[AIM OF THE EXERCISE] Pictures stay out of the copy, and everything else in the data below is repeated exactly.

[SUPPLIED DATA]
======
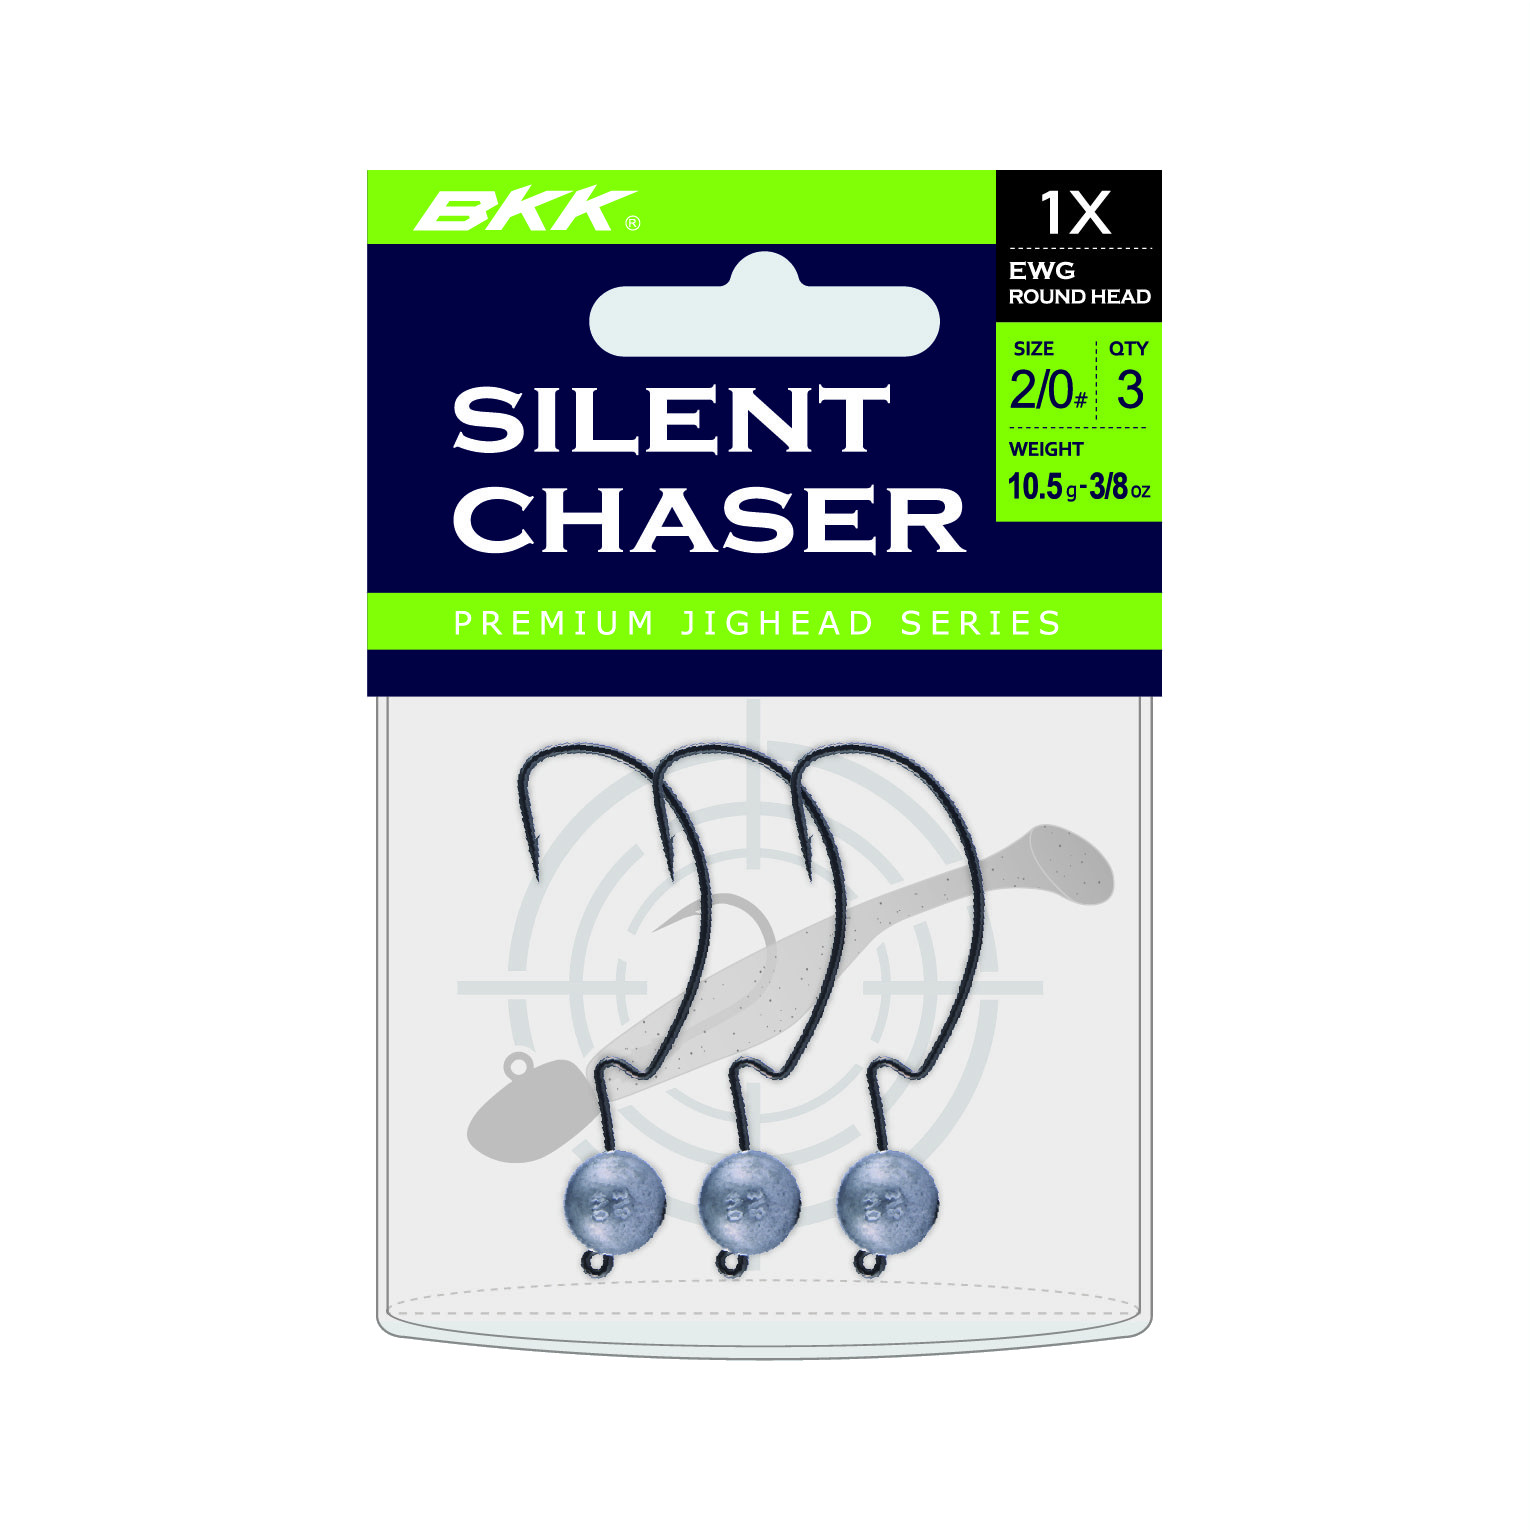 BKK Silent Chaser 1X EWG Round Head Bleikopf #3/0
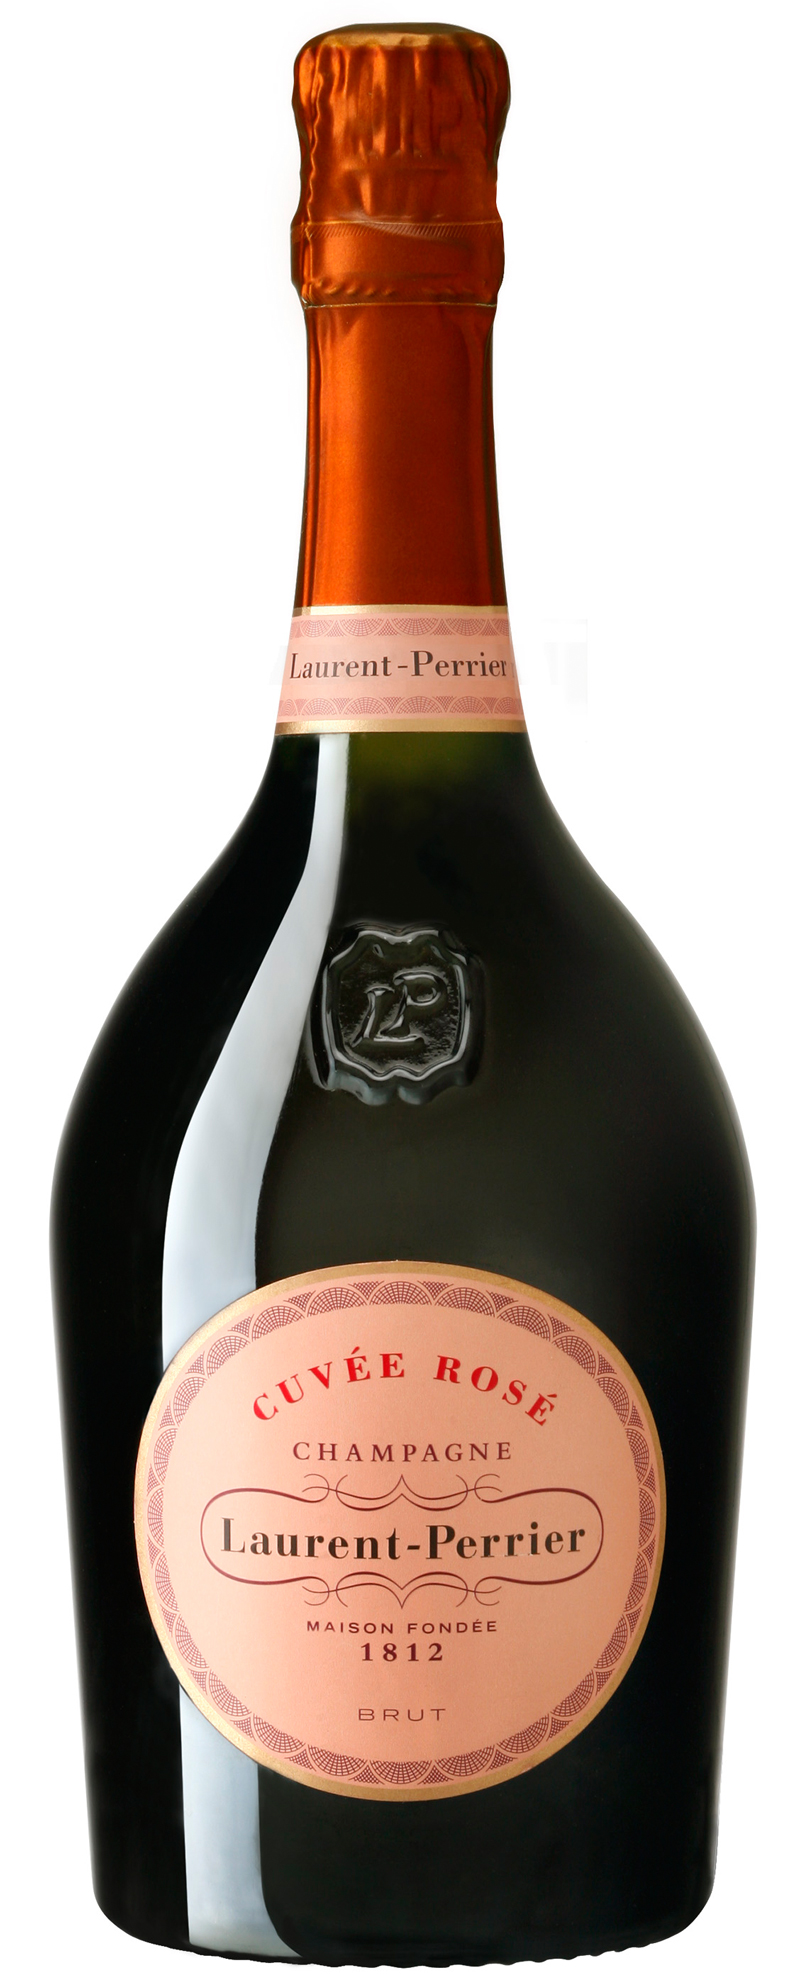 Champagne "Laurent-Perrier" Cuvée ROSÉ brut AOC
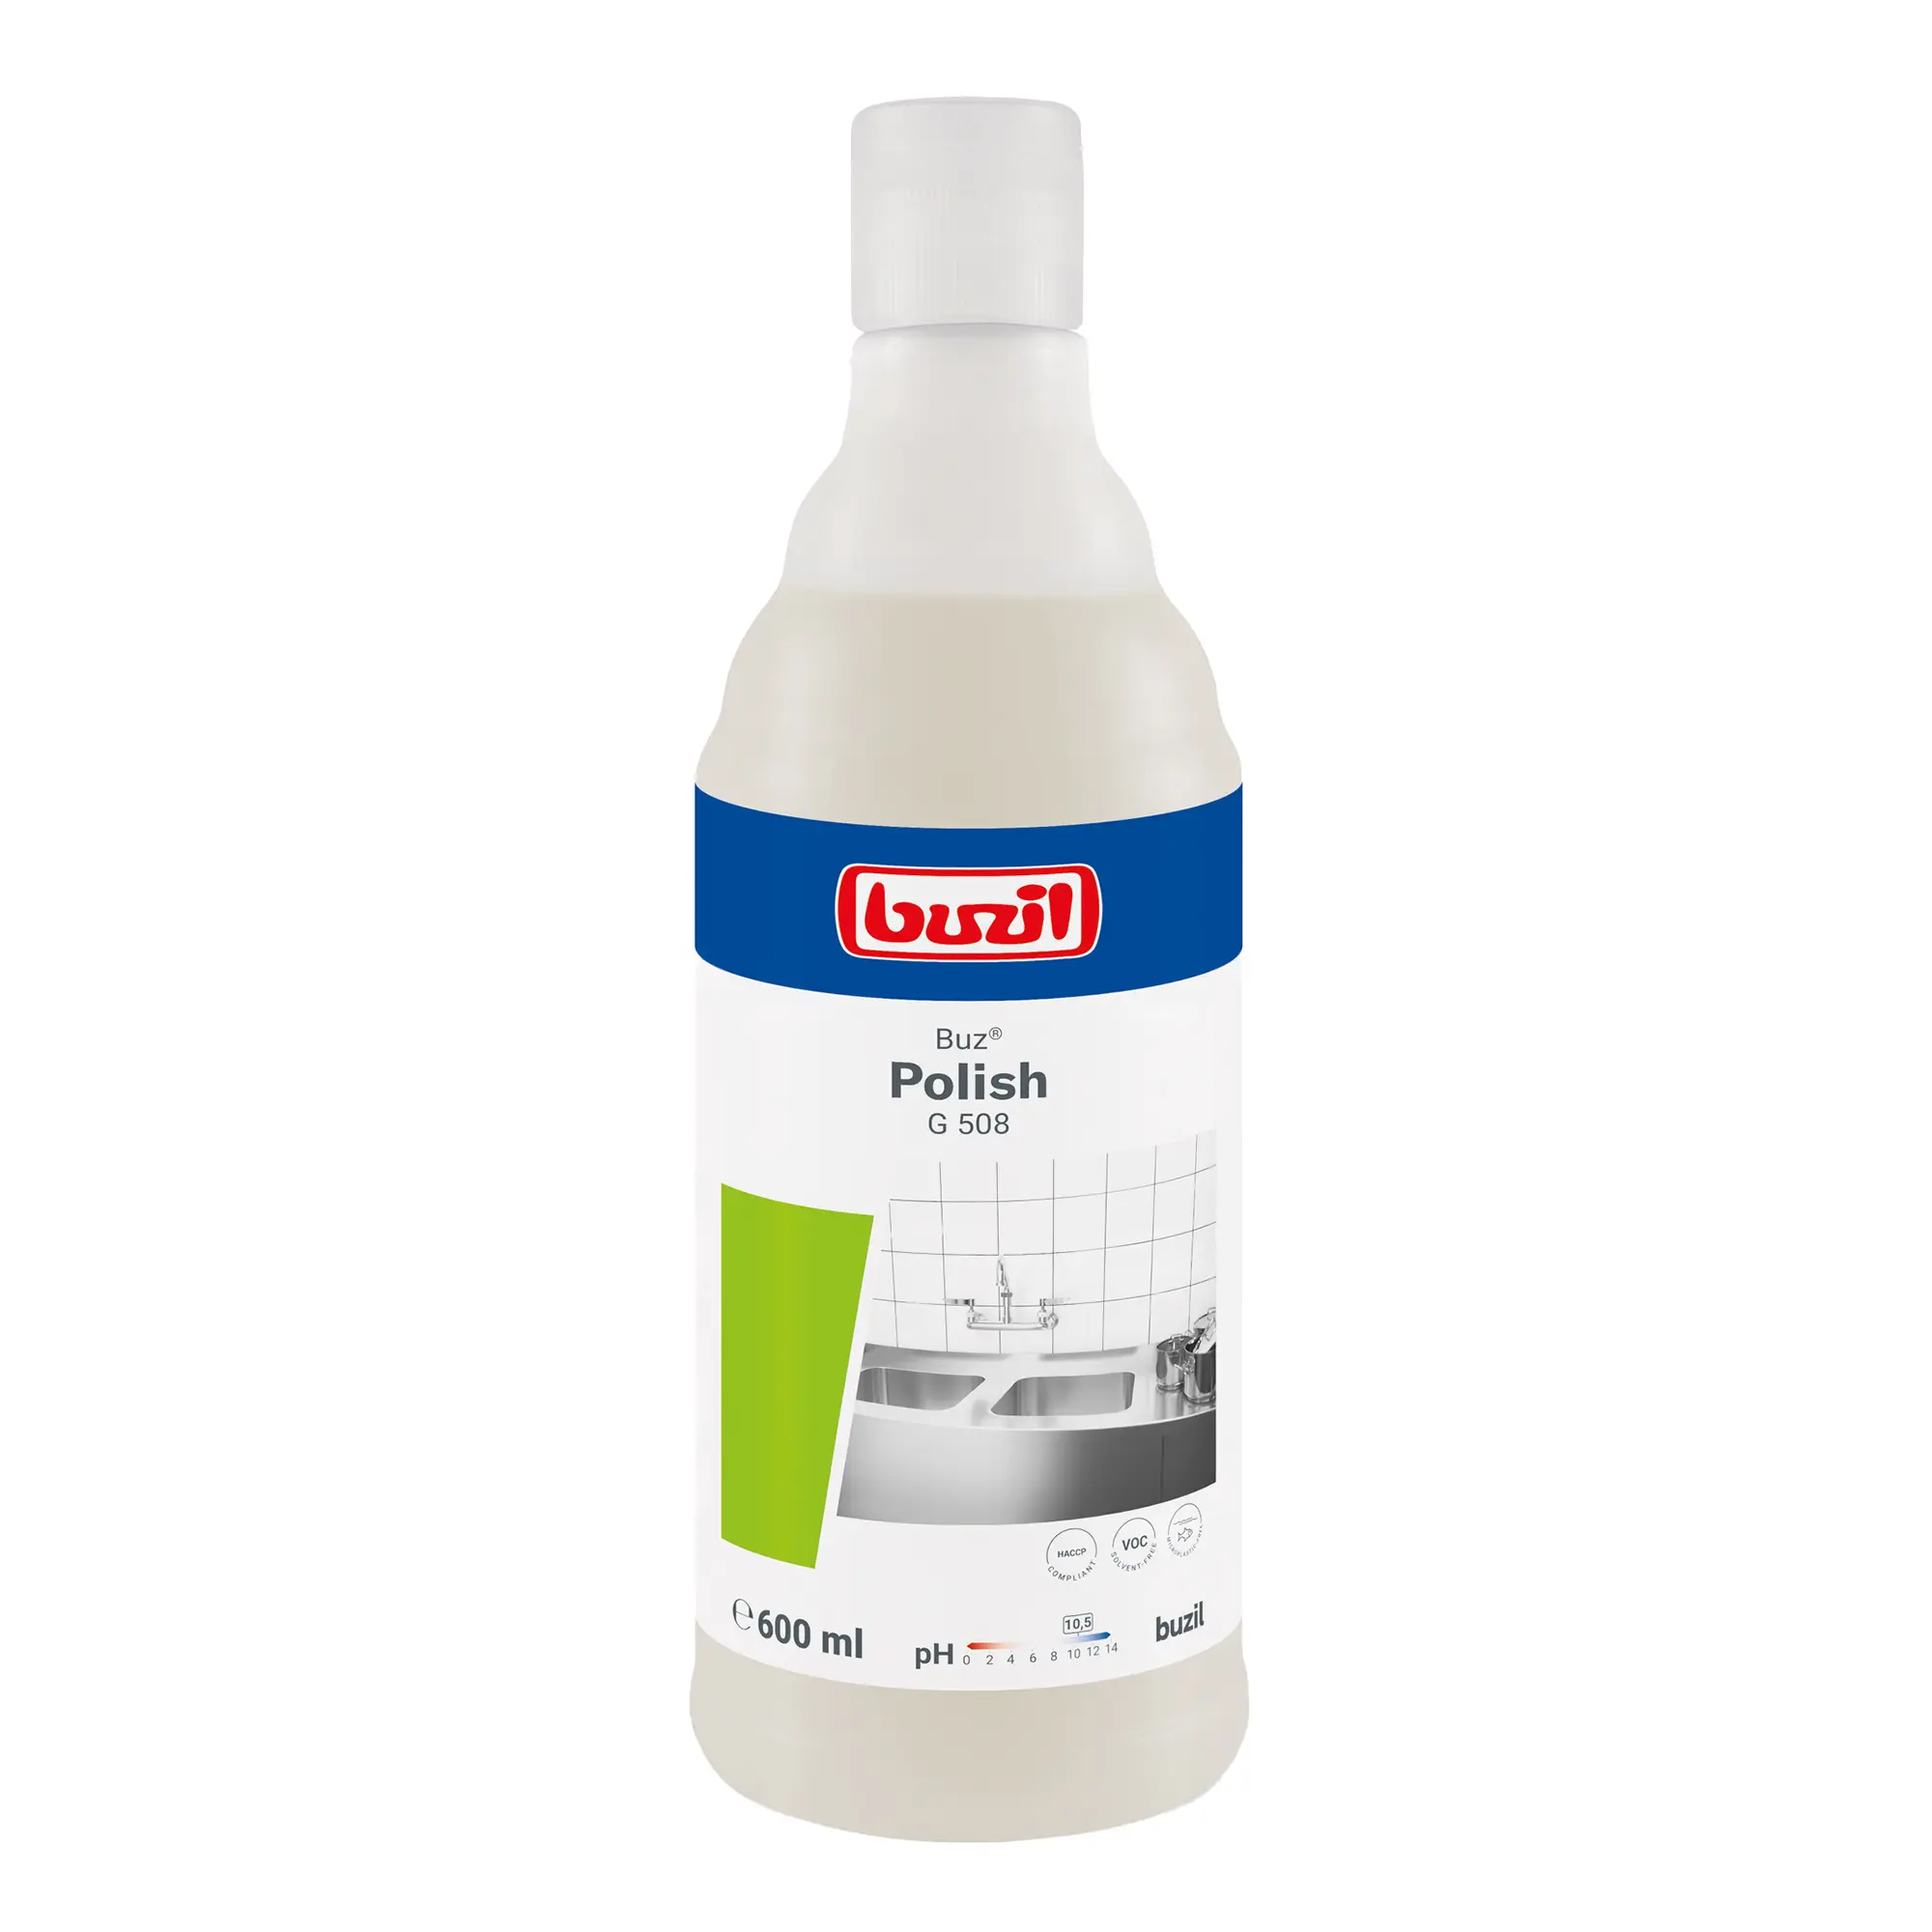 Buzil Buz Polish G508 gebrauchsfertige Scheuermilch
======
[RESPONSE TO THE TASK]
 BKK Silent Chaser 1X EWG Round Head Bleikopf #3/0
 Champagne "Laurent-Perrier" Cuvée ROSÉ brut AOC
 Buzil Buz Polish G508 gebrauchsfertige Scheuermilch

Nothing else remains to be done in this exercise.